- Directions -
The lines from the one containing "Episode 167: HAITIAN" through the final line of the listing below are what the answer must repeat, exactly and only, leaving pictures out.

--- Source material Enclosed Below ---

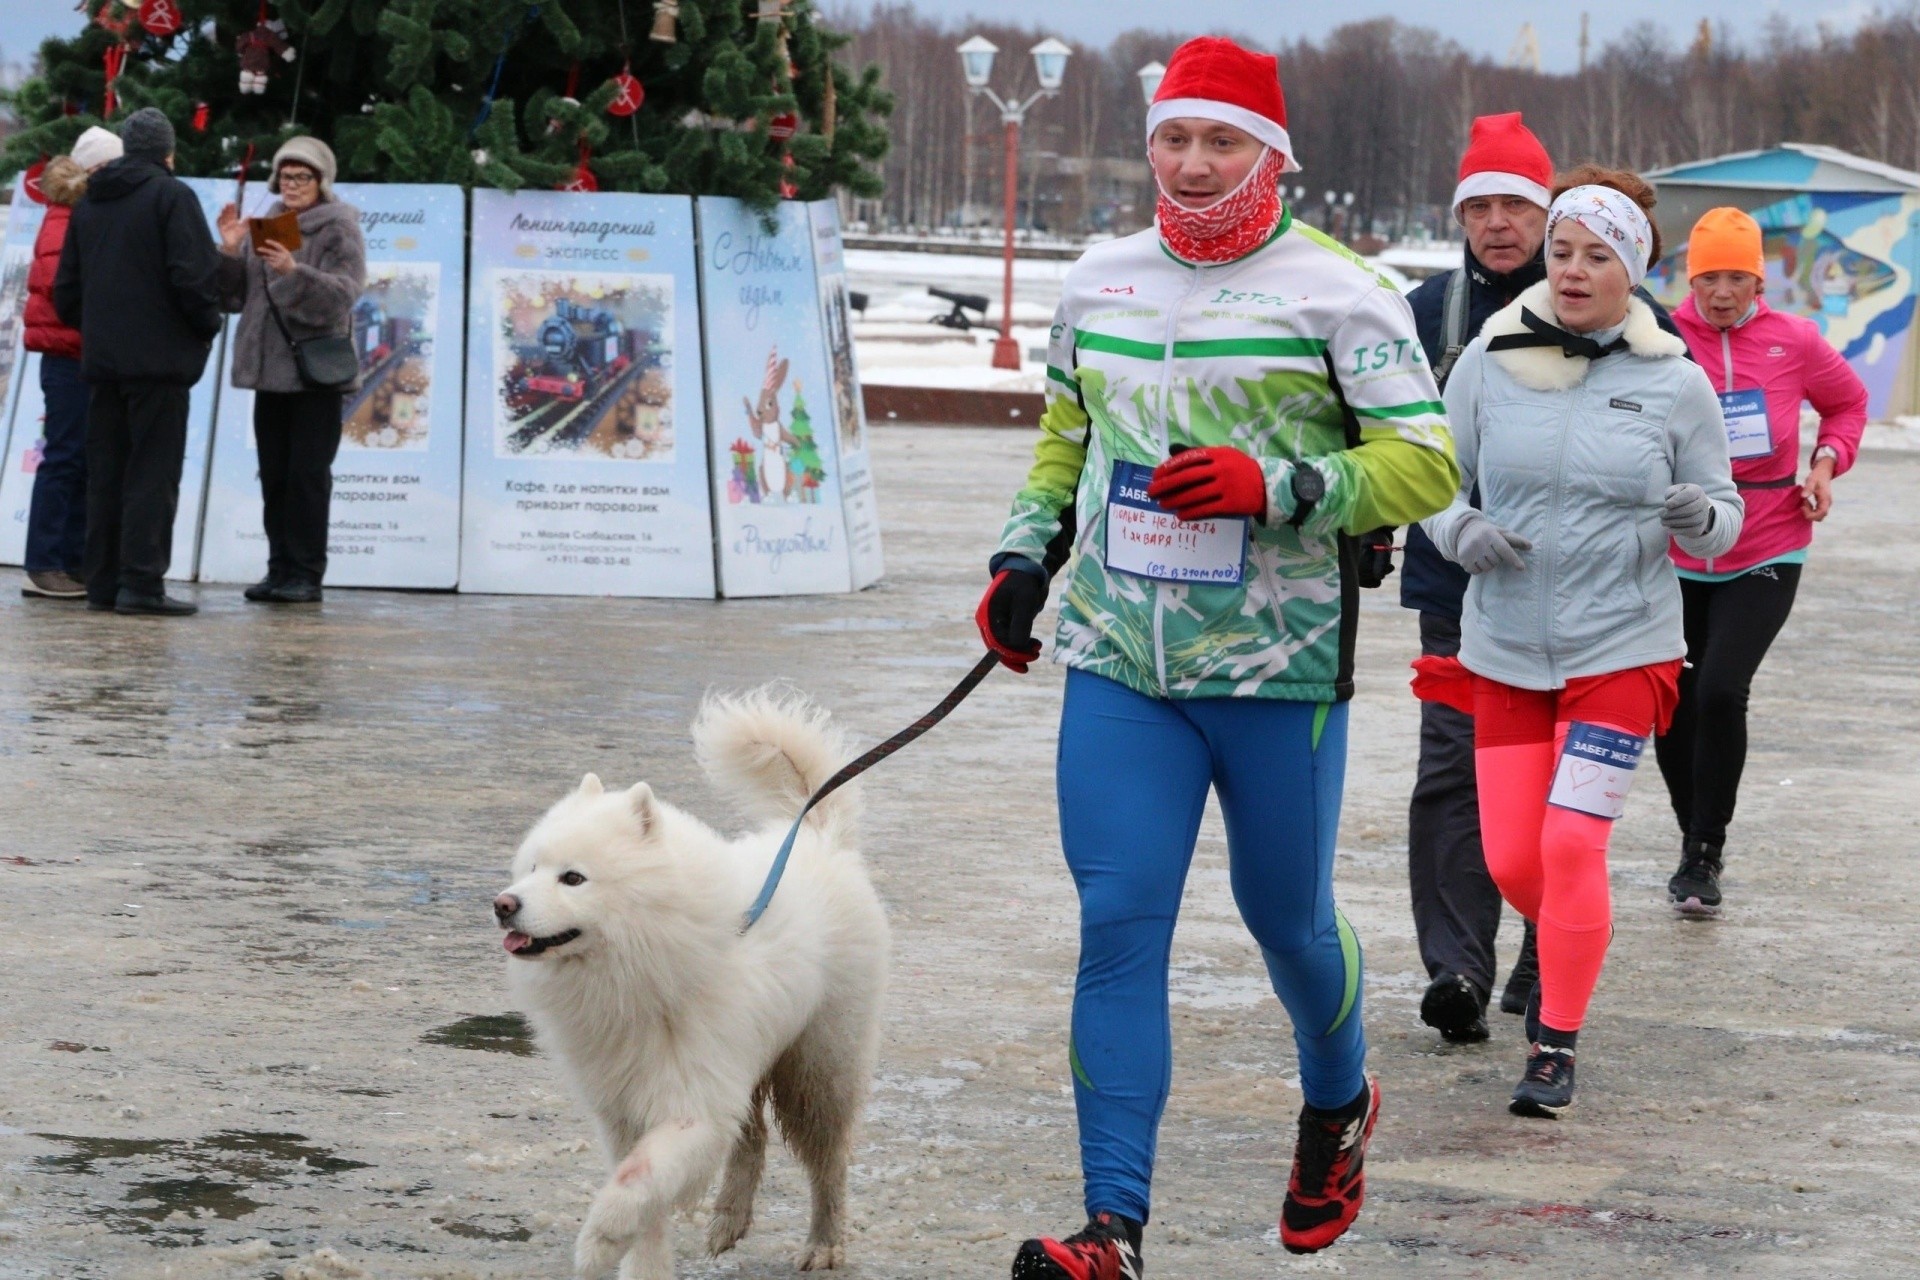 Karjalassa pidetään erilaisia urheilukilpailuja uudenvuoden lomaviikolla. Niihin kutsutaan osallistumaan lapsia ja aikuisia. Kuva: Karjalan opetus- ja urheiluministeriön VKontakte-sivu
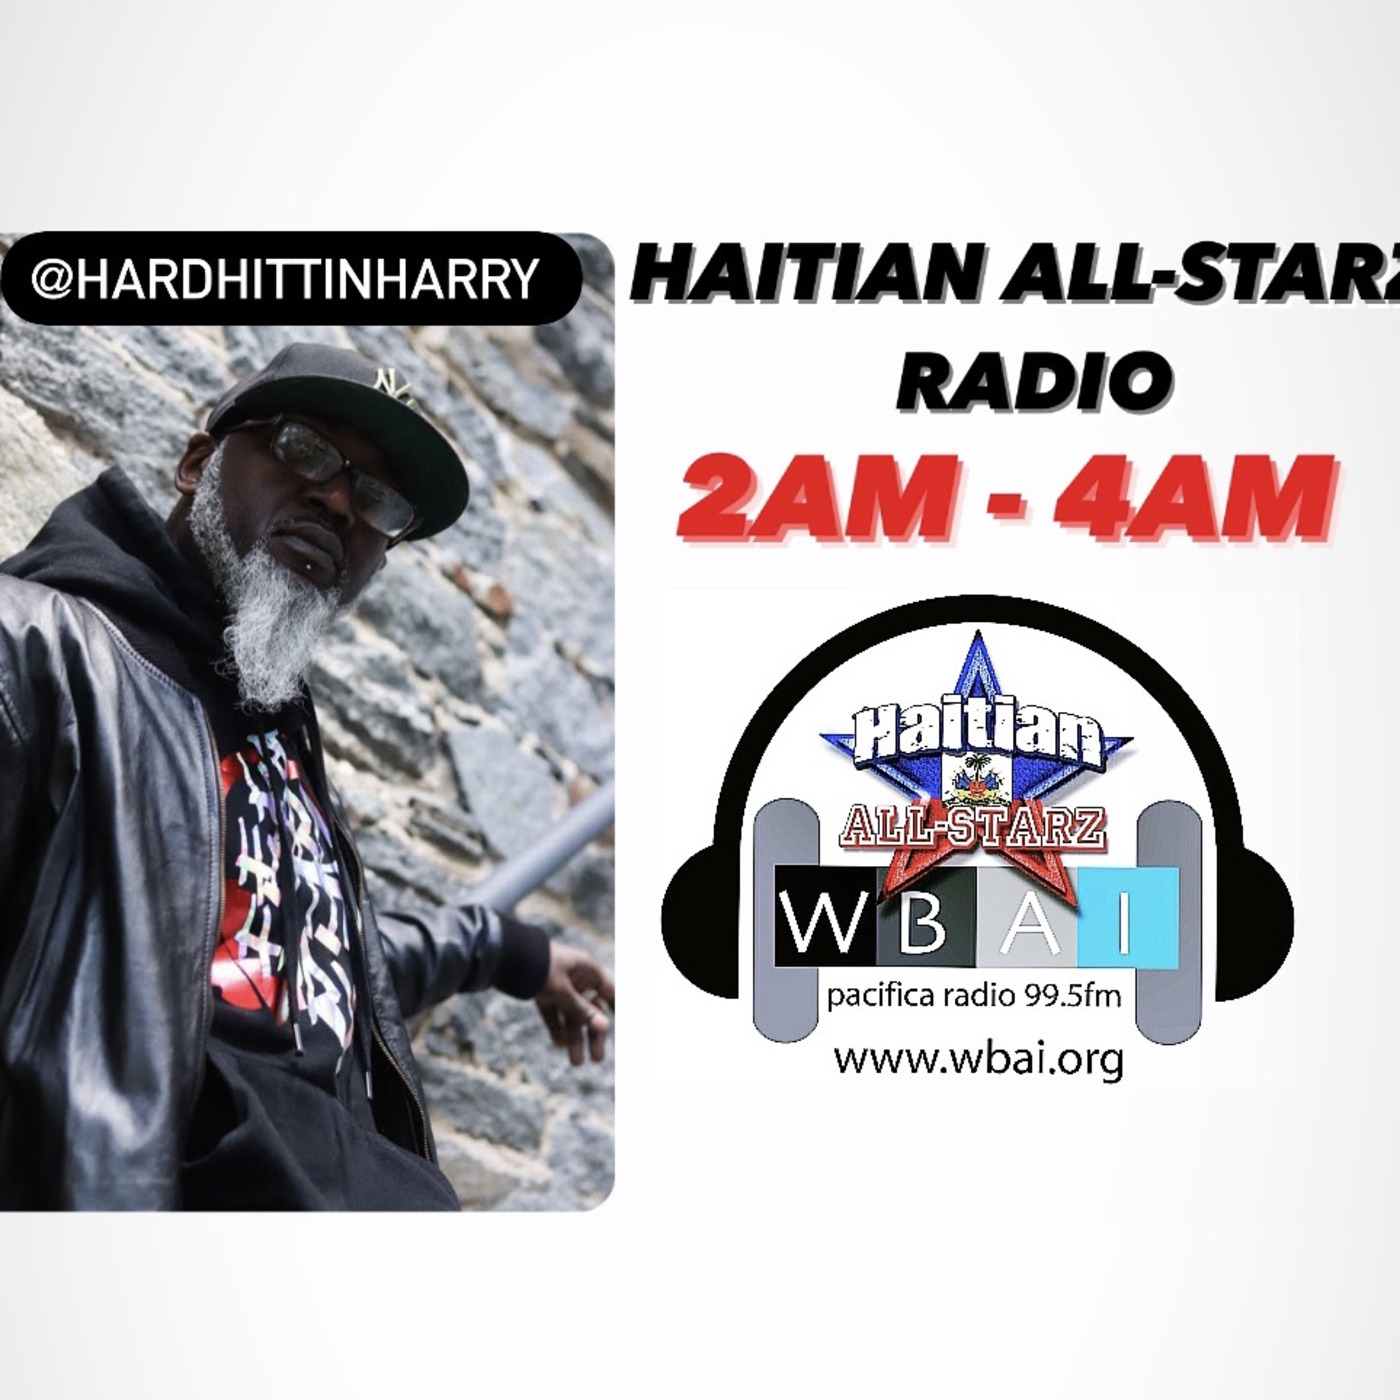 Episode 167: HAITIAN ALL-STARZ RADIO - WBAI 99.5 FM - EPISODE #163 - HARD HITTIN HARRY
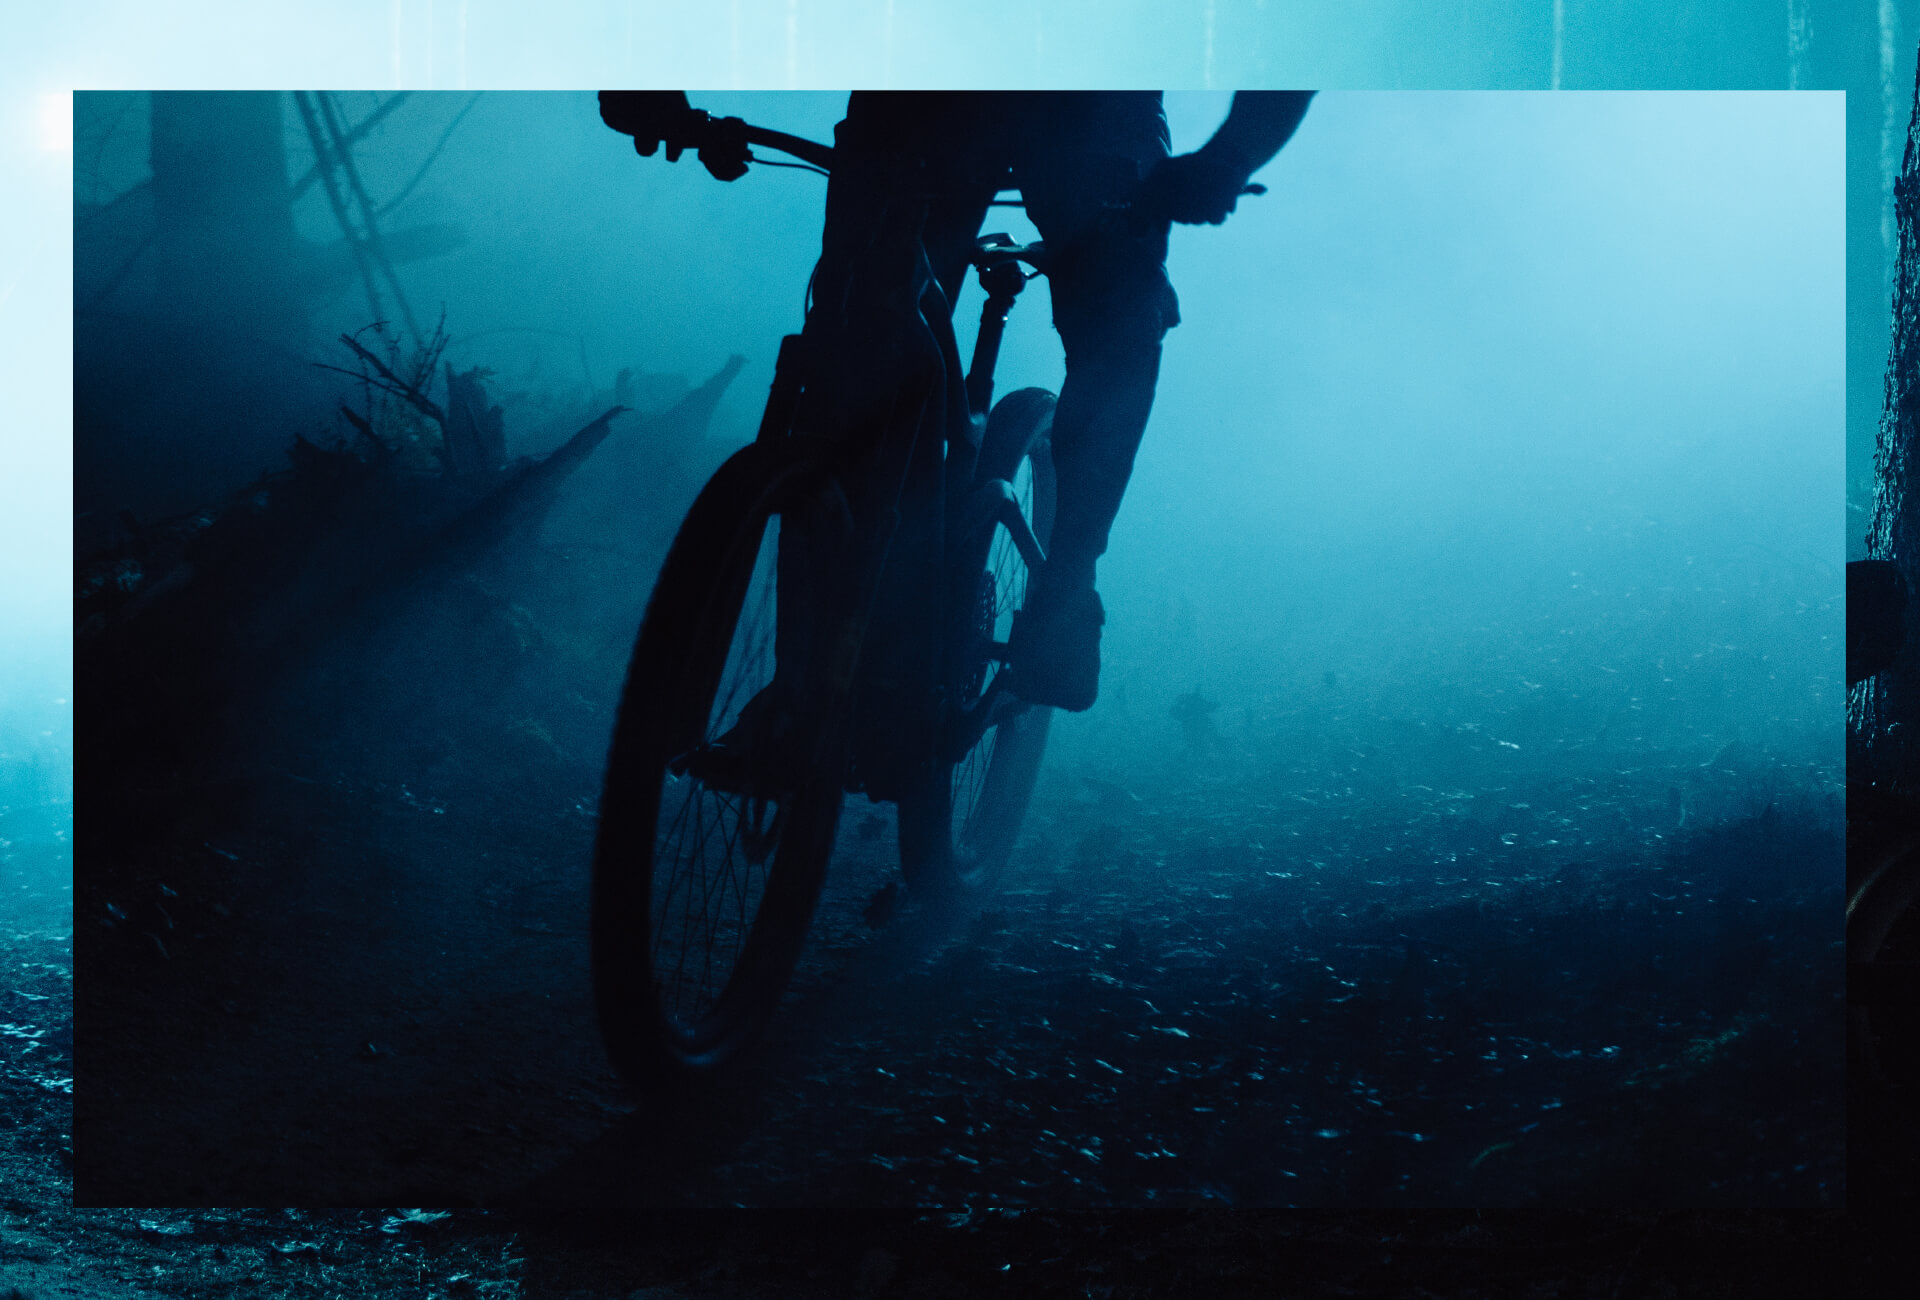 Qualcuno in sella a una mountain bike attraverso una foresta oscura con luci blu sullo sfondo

--- End of Enclosed Source material ---

- Result of the task -
 Episode 167: HAITIAN ALL-STARZ RADIO - WBAI 99.5 FM - EPISODE #163 - HARD HITTIN HARRY
 Qualcuno in sella a una mountain bike attraverso una foresta oscura con luci blu sullo sfondo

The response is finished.